Roran sopesó una pica y la dejó a un lado. Aunque nunca le habían


interesado las historias de Brom, había una, la «Canción de Gerand», que


resonaba en su interior cada vez que la oía. Hablaba de Gerand, el mayor


guerrero de su época, que cambió su espada por una esposa y una granja. Sin


embargo, no encontró la paz porque un señor celoso inició una contienda de


sangre contra su familia, lo cual obligó a Gerand a volver a matar. Pero no peleó


con su espada, sino con un simple martillo.


Roran se acercó a la pared y cogió un martillo de tamaño mediano que


tenía el mango largo y un lado de la cabeza redondo. Se lo pasó de una mano a


otra, se acercó a Horst y le preguntó:


-¿Puedo quedarme esto?


Horst contempló la herramienta y luego miró a Roran:


-Úsalo con sabiduría. -Después se dirigió al resto del grupo-.

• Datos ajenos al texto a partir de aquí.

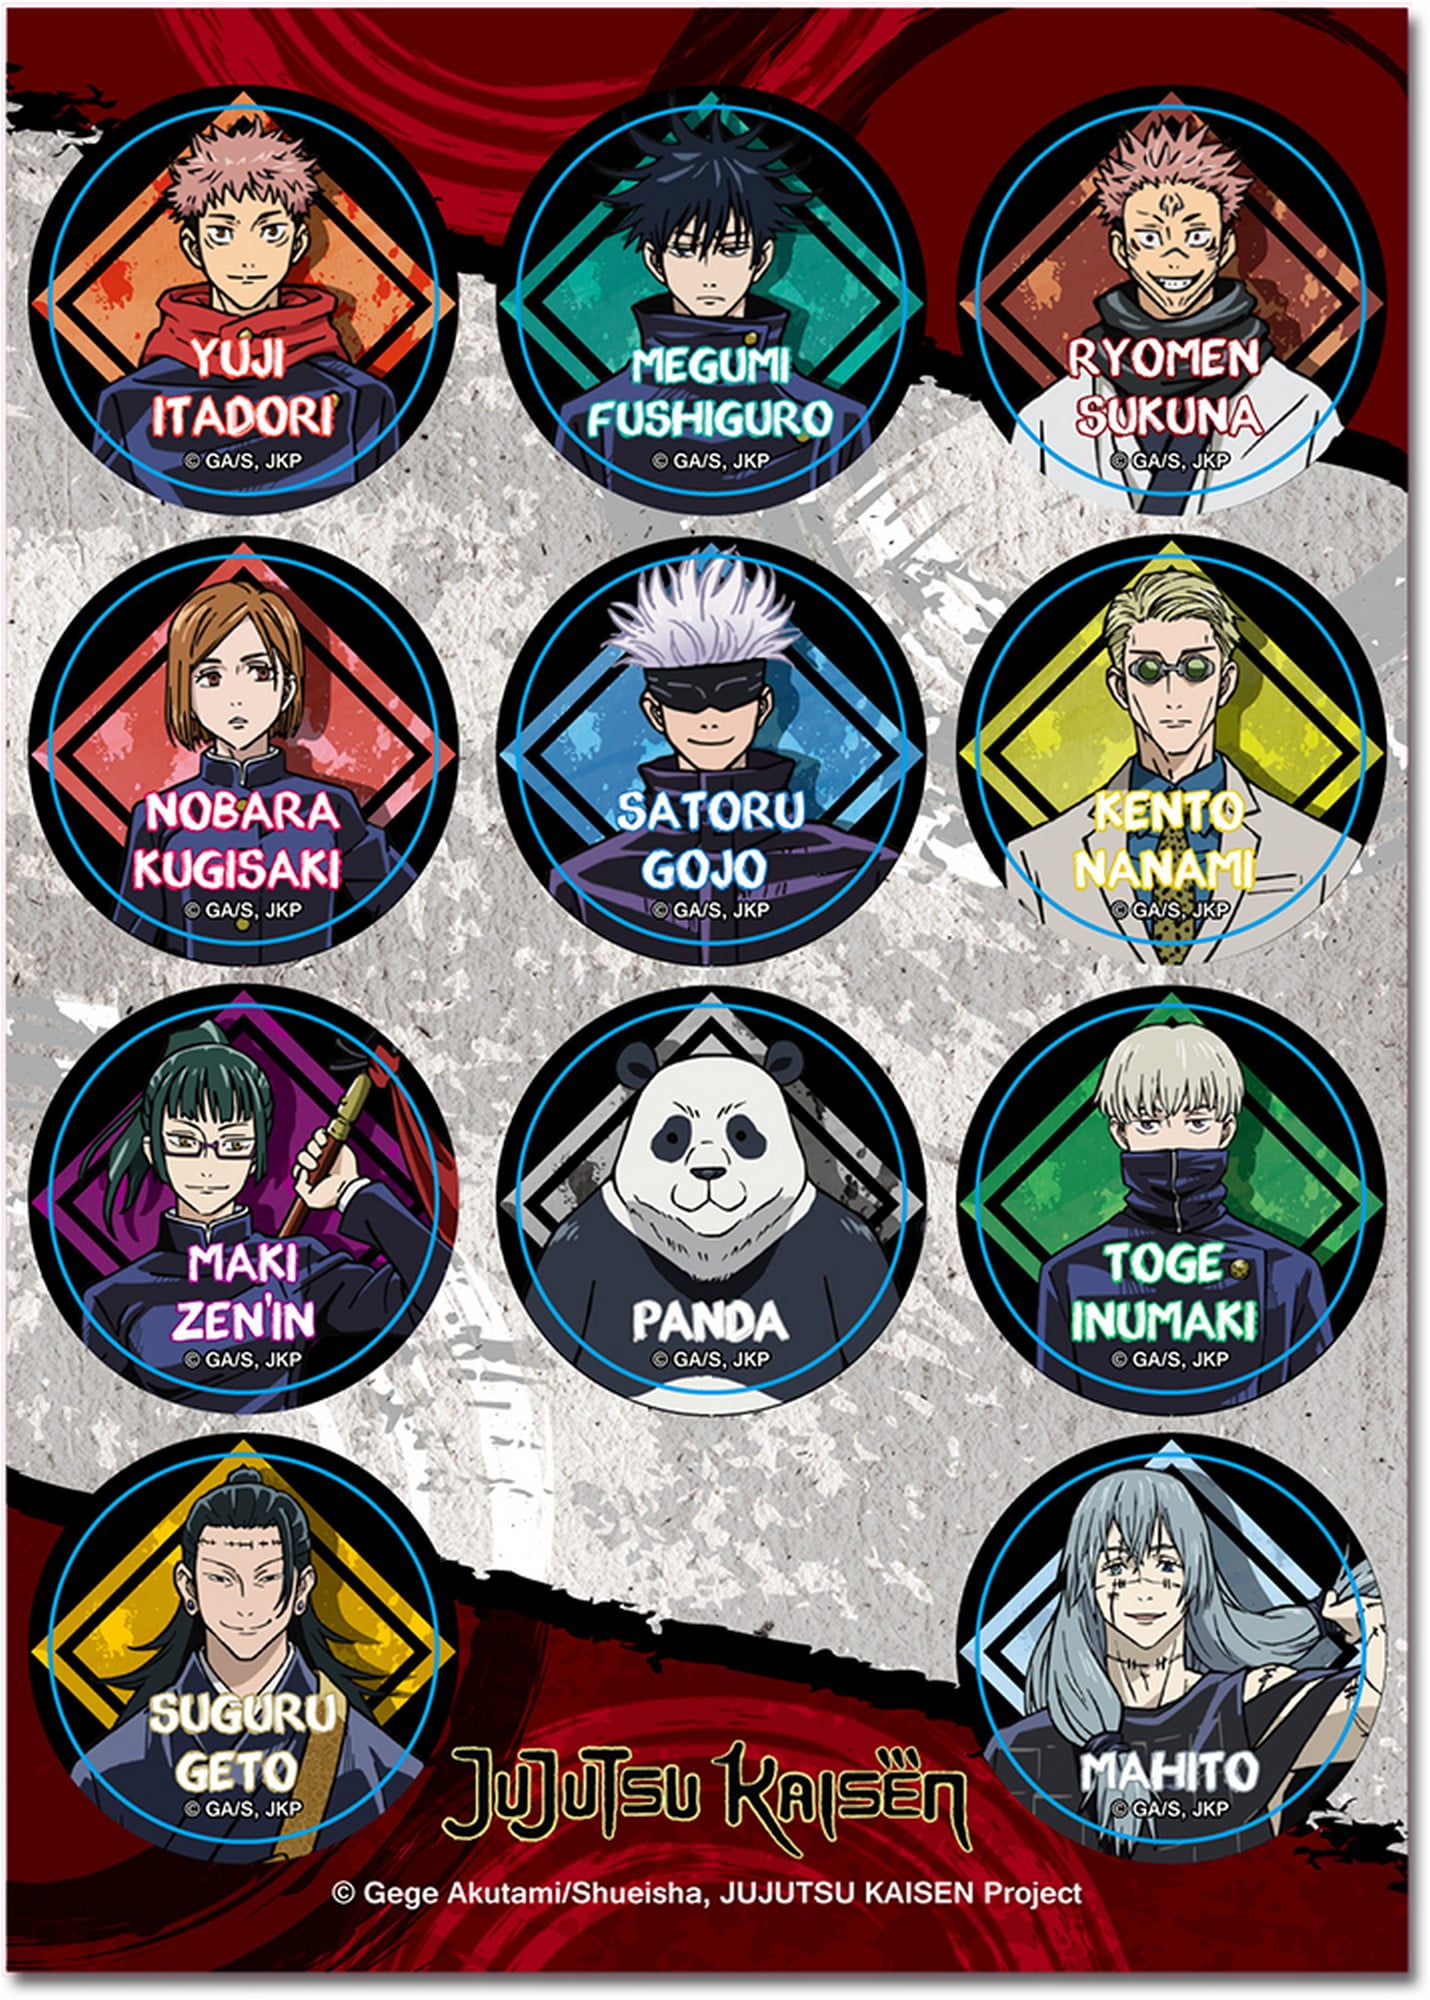 10 pairs of characters from Jujutsu Kaisen and My Hero Academia

Escuchadme. No los queremos matar, sino asustarlos. Romped unos cuantos


huesos si queréis, pero no os dejéis llevar. Y pase lo que pase, no os quedéis a


pelear. Por muy valientes y heroicos que seáis, recordad que ellos son soldados


bien entrenados.


Una vez estuvieron todos bien equipados, abandonaron la fragua y se


abrieron paso por Carvahall hacia el límite del campamento de los Ra'zac. Los


soldados ya se habían acostado, salvo cuatro centinelas que patrullaban el


perímetro de tiendas grises. Los dos caballos de los Ra'zac estaban atados junto


a las ascuas de una fogata.


Horst repartió órdenes en voz baja: envió a Albriech y Delwin a emboscar


a dos centinelas, y a Parr y Roran a por los otros dos.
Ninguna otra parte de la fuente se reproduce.